Instructions to follow: Your task is to copy every line of the entries that holds the word "Photo".

Recorded data:
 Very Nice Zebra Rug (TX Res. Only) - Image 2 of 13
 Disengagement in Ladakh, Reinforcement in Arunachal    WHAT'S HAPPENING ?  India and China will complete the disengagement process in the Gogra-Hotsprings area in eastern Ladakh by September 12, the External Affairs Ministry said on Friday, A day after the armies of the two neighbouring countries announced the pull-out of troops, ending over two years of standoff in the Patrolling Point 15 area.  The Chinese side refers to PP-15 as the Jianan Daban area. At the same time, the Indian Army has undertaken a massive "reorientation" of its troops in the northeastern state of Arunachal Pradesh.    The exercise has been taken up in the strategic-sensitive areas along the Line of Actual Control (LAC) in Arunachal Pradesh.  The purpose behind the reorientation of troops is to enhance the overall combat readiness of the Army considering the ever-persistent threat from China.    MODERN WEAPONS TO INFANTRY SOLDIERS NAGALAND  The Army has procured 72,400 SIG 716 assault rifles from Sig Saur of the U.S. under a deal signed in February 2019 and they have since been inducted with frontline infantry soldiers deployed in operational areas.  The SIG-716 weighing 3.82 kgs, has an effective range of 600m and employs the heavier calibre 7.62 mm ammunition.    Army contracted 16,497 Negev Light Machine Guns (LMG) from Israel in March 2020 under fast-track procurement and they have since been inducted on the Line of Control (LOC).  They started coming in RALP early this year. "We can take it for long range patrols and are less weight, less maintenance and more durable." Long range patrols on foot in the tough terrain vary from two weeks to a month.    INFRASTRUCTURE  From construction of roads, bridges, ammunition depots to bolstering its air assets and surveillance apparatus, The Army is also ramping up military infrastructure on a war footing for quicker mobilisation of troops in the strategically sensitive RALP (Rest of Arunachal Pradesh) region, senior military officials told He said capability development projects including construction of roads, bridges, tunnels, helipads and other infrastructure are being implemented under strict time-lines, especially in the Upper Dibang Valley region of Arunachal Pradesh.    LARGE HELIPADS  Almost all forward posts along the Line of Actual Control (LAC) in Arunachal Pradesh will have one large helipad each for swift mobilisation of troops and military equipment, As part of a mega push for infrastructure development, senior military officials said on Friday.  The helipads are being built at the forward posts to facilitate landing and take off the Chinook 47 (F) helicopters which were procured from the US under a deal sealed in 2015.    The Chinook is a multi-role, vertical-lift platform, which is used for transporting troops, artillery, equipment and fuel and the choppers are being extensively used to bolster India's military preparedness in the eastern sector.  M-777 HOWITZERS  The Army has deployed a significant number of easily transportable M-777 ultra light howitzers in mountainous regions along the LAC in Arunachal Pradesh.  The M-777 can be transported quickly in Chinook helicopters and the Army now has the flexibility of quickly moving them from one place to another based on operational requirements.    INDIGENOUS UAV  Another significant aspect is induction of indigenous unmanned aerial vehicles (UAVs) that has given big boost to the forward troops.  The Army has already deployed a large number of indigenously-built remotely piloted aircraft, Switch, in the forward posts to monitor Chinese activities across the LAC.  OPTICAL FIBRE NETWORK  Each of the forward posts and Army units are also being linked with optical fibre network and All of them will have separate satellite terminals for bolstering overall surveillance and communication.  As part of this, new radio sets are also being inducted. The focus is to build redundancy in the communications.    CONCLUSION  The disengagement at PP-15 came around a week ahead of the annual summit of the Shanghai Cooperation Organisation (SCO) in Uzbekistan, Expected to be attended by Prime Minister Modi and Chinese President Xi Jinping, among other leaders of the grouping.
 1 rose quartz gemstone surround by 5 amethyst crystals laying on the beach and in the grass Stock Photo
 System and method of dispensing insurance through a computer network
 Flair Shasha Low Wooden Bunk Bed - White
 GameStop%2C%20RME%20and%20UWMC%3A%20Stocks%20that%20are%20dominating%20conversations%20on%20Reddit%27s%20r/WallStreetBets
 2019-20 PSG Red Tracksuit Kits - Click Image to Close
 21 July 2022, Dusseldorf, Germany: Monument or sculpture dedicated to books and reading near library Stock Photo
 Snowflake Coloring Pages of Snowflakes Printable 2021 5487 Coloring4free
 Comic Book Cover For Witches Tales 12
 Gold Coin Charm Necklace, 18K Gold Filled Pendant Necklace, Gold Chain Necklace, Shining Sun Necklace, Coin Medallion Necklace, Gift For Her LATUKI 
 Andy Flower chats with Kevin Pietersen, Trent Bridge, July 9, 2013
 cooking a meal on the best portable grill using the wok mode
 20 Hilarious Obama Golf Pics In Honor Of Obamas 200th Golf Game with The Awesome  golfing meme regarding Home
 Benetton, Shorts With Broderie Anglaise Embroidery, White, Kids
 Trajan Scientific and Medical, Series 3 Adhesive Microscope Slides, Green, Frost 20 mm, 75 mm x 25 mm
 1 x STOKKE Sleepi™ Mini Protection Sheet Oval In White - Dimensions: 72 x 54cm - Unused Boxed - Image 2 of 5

Solved problem:
 1 rose quartz gemstone surround by 5 amethyst crystals laying on the beach and in the grass Stock Photo
 21 July 2022, Dusseldorf, Germany: Monument or sculpture dedicated to books and reading near library Stock Photo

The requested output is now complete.